Национализм растворен в Дейтонской конституции, как спирт в алкоголе. Никаких боснийцев, то есть граждан Боснии и Герцеговины, не существует - есть сербы, хорваты и бошняки, они же «мусульмане» (здесь это национальность).В парламенте они обязаны быть представлены поровну. Представители других народностей и дети от смешанных браков называются маргинальным словом «другие» и официально даже не имеют права никуда избираться. А президенты чередуются: один срок серб, потом хорват, потом бошняк.

Вся политика организована по этническому принципу: сербы живут в растянутой по краям страны Республике Сербской (не путать с Сербией), смотрят сербское телевидение и голосуют за сербские партии, лидеры которых строят свою карьеру на исламской угрозе и большой сербской идее. Мусульмане и хорваты в это время голосуют за своих политиков и ждут не дождутся, когда же Республика Сербская исчезнет с лица земли.
У каждой из сторон есть свои святыни и символы, свои Сребреницы и Плитвицкие озера, за которые они готовы разодрать глотку всякому, кто поставит под сомнение массовые убийства. Всем этим цинично манипулируют Германия, Америка, Россия, Турция - большие западные и восточные державы, которые де-факто и управляют этой несчастной, нищей, на 43% безработной страной.

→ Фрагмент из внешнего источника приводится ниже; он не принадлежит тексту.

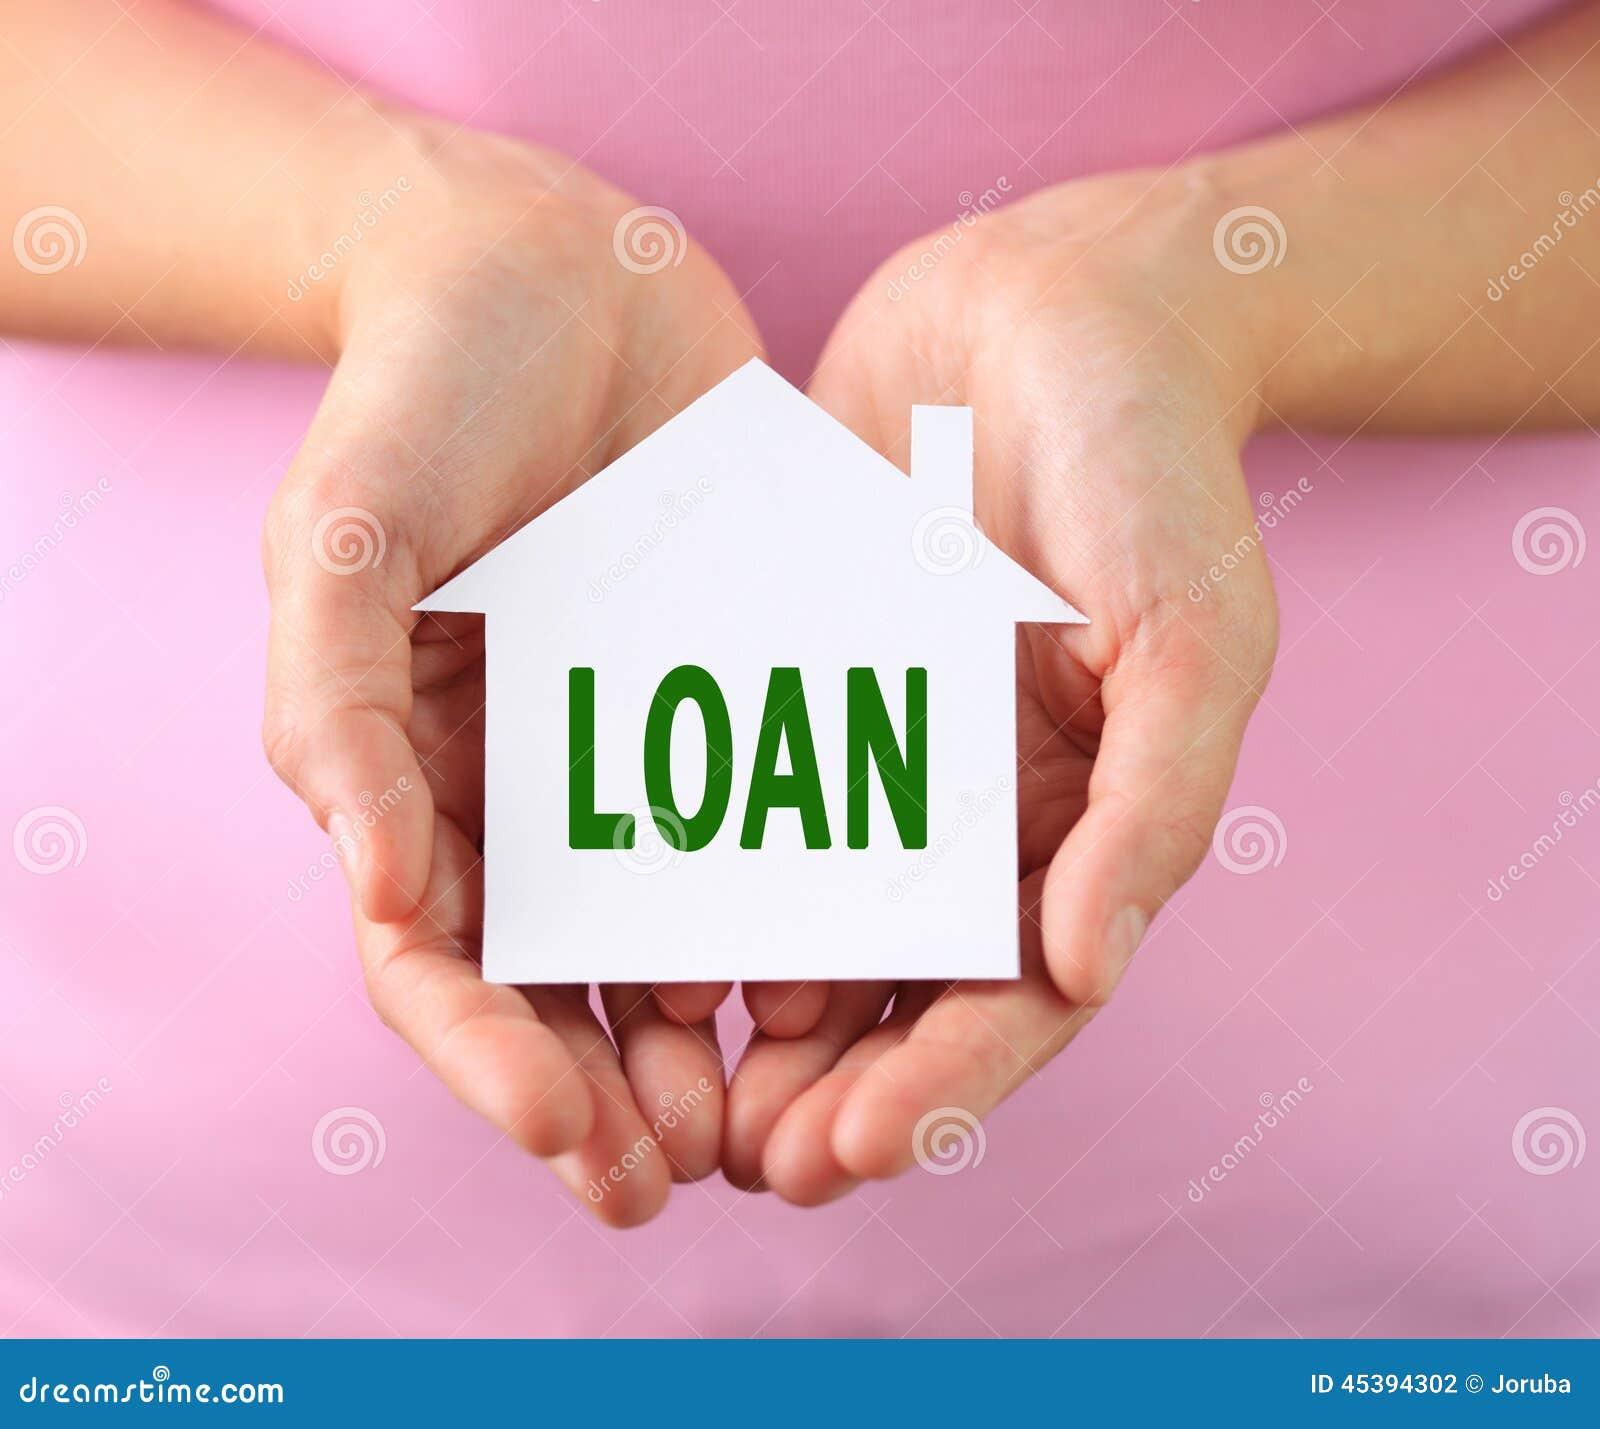 Взять кредит у частного лица под расписку и нотариально заверив отзывы
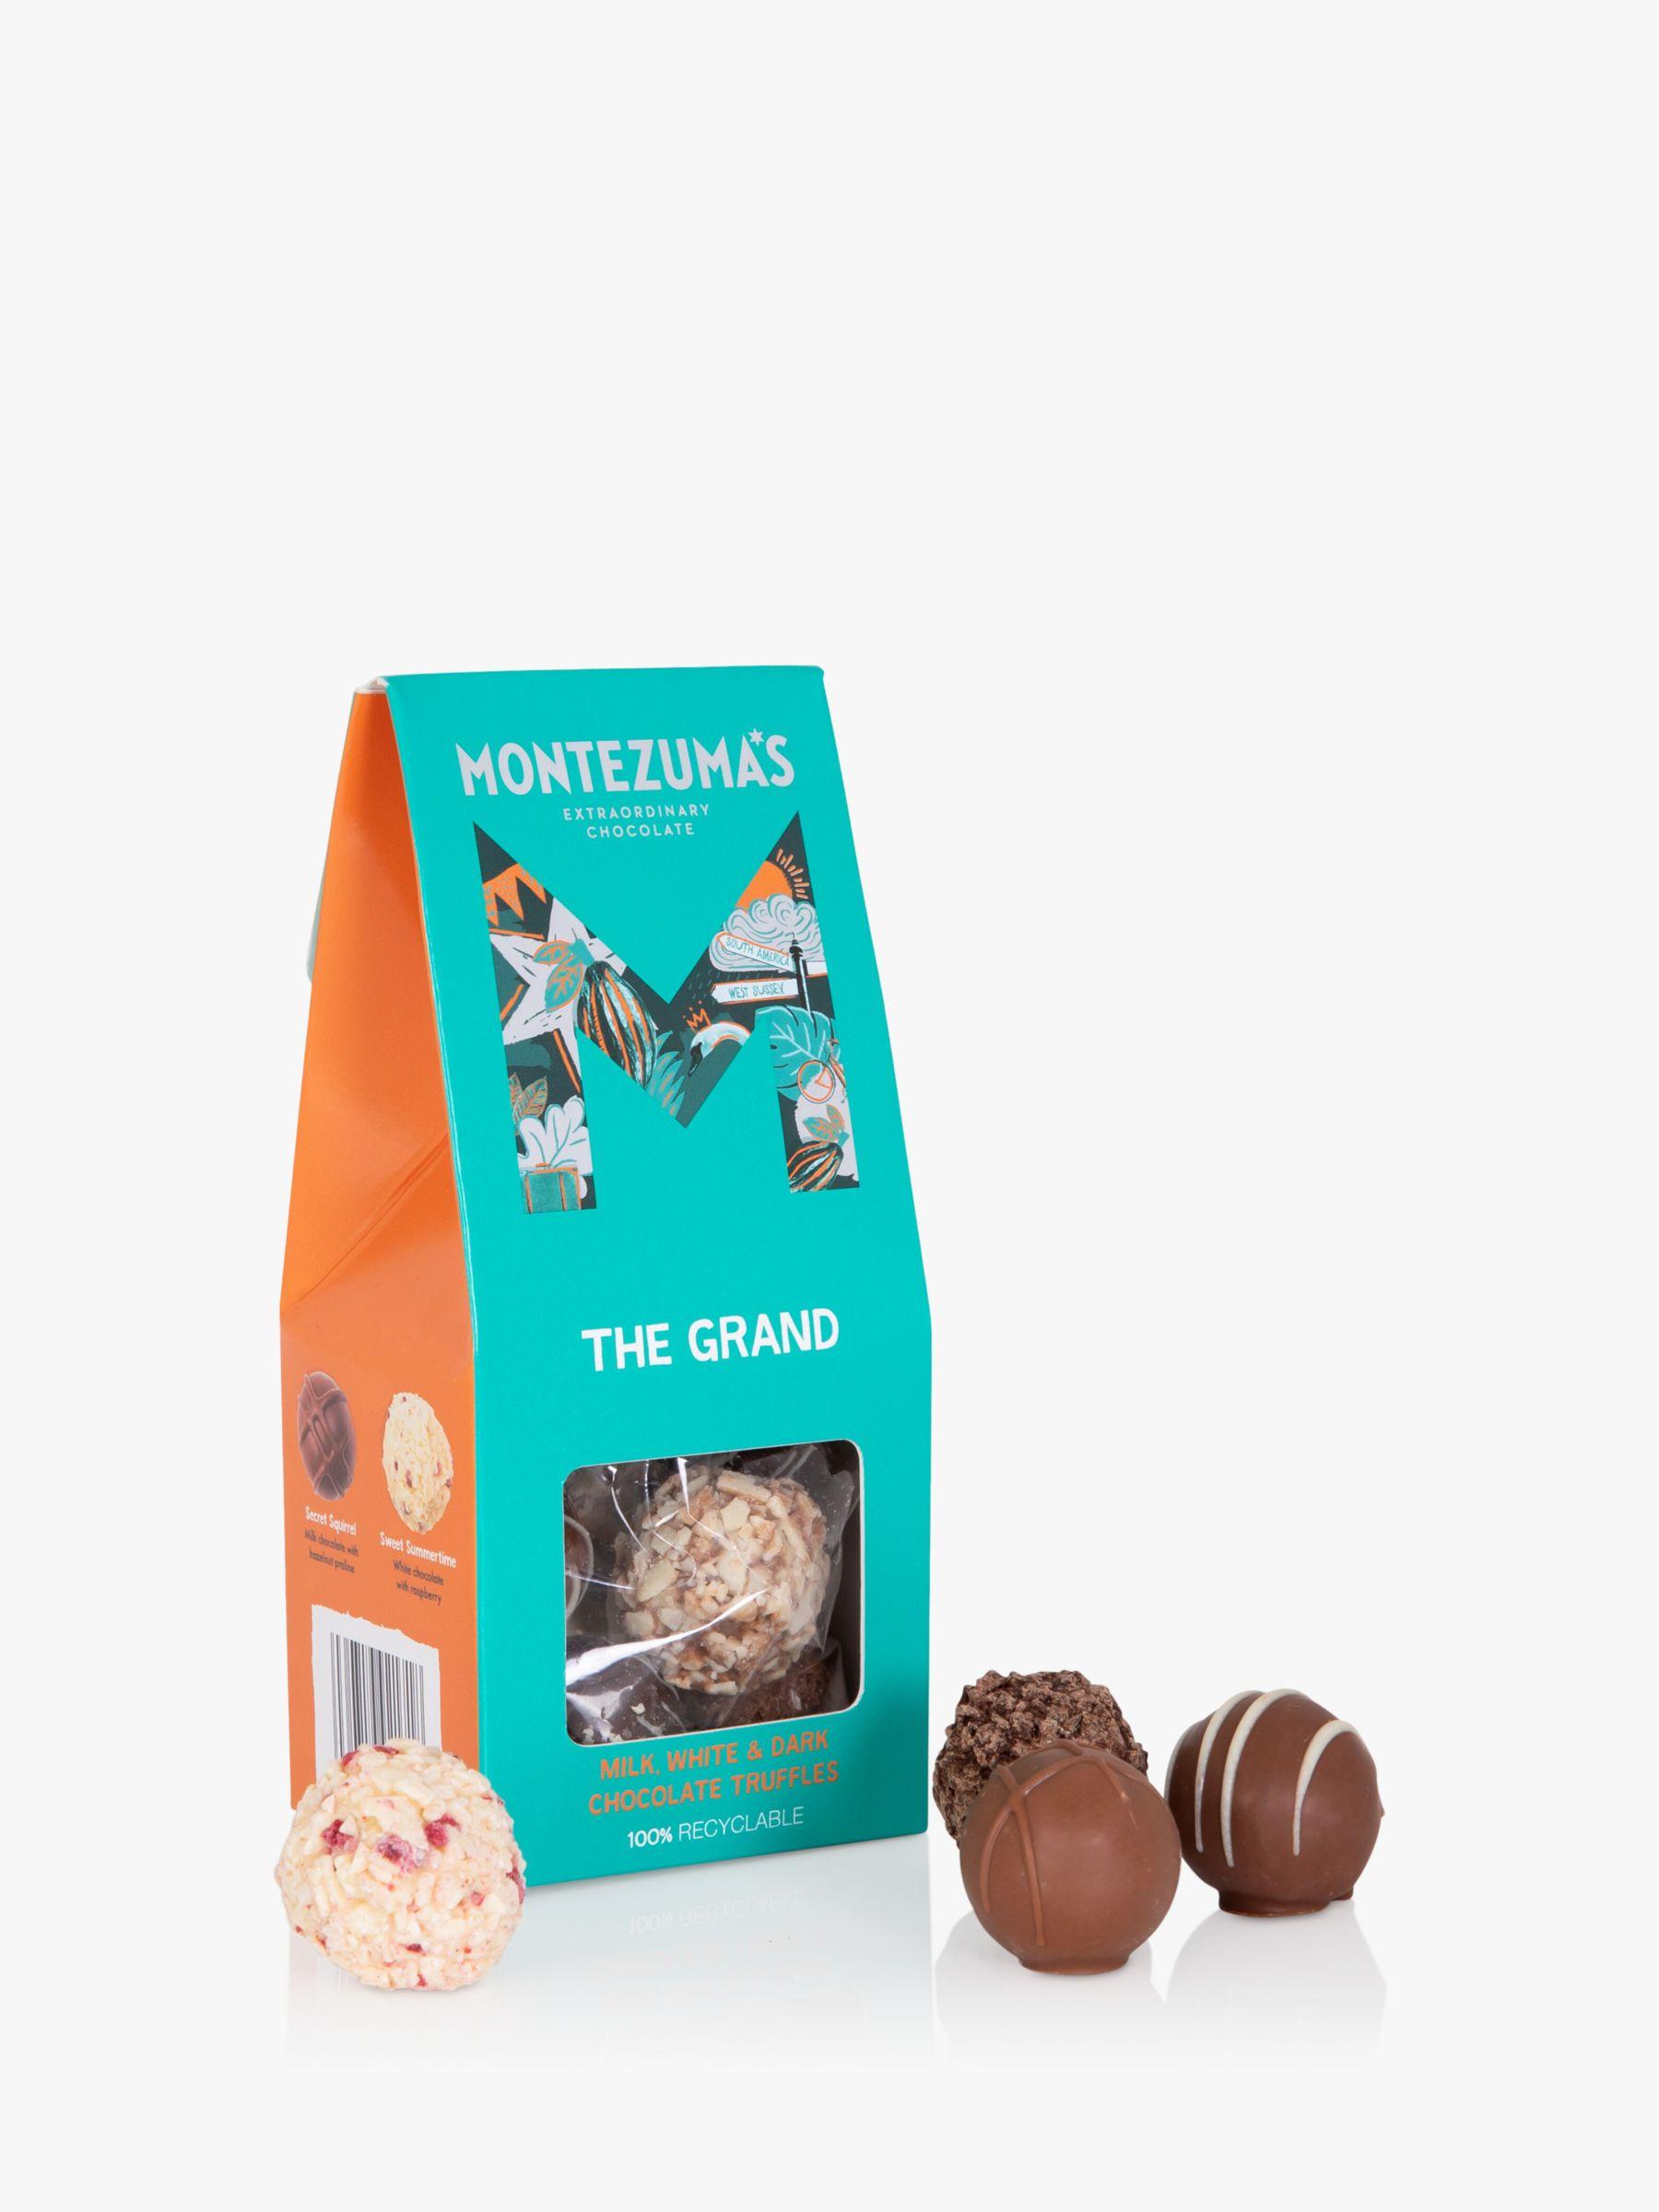 Montezuma's Montezuma's The Grand, Milk, White and Dark Chocolate Truffle Carton, 120g

Казалось бы, должно пройти время, пока все успокоится. Но здесь время не лечит, а только закрепляет неправильно сросшиеся переломы. Дети разных этнических общин проживают компактно, редко видят друг друга и воспитываются в категориях «свой-чужой». Через четверть века они вырастут и…
- Вы же знаете: на Балканах война случается каждые пятьдесят лет - эту фразу мы слышали в Боснии раз двадцать.
Нет, через четверть века войны не будет - Америка не позволит. Не будет вообще ничего. Все будет так: аптека, улица, фонарь, межнациональный срач, коррупция и дешевая пропаганда в этом, как говорят политологи, «несостоявшемся государстве», неспособном обеспечить процесс принятия самых простых коллективных решений.
Это краткое содержание разговора со Слободаном Шойей. А теперь репортаж. Есть ли в этой стране хоть что-то, что позволит выйти из тупика? Что вообще нужно, чтобы стать страной? Можно ли преодолеть национальное мышление и научиться договариваться? Сараево, 99 лет после убийства эрцгерцога Фердинанда.

ДЕЛО ПРИНЦИПА


День, жара, Рамадан, поэтому в кафе только туристы. Мы сидим в летнем саду отеля «Европа» недалеко от моста, где произошло убийство, послужившее поводом для начала Первой мировой войны. Тогда этот мост назывался Латинским, в Югославии он носил имя Гаврилы Принципа, а сейчас опять переименован в Латинский. Пока мы в России ругаемся из-за единого учебника истории, здесь даже не пытаются его обсуждать - в одном и том же городе дети учатся по трем разным программам: в сербских школах детям рассказывают, что Гаврило Принцип был национальным героем, а в мусульманских - что он был преступником и террористом.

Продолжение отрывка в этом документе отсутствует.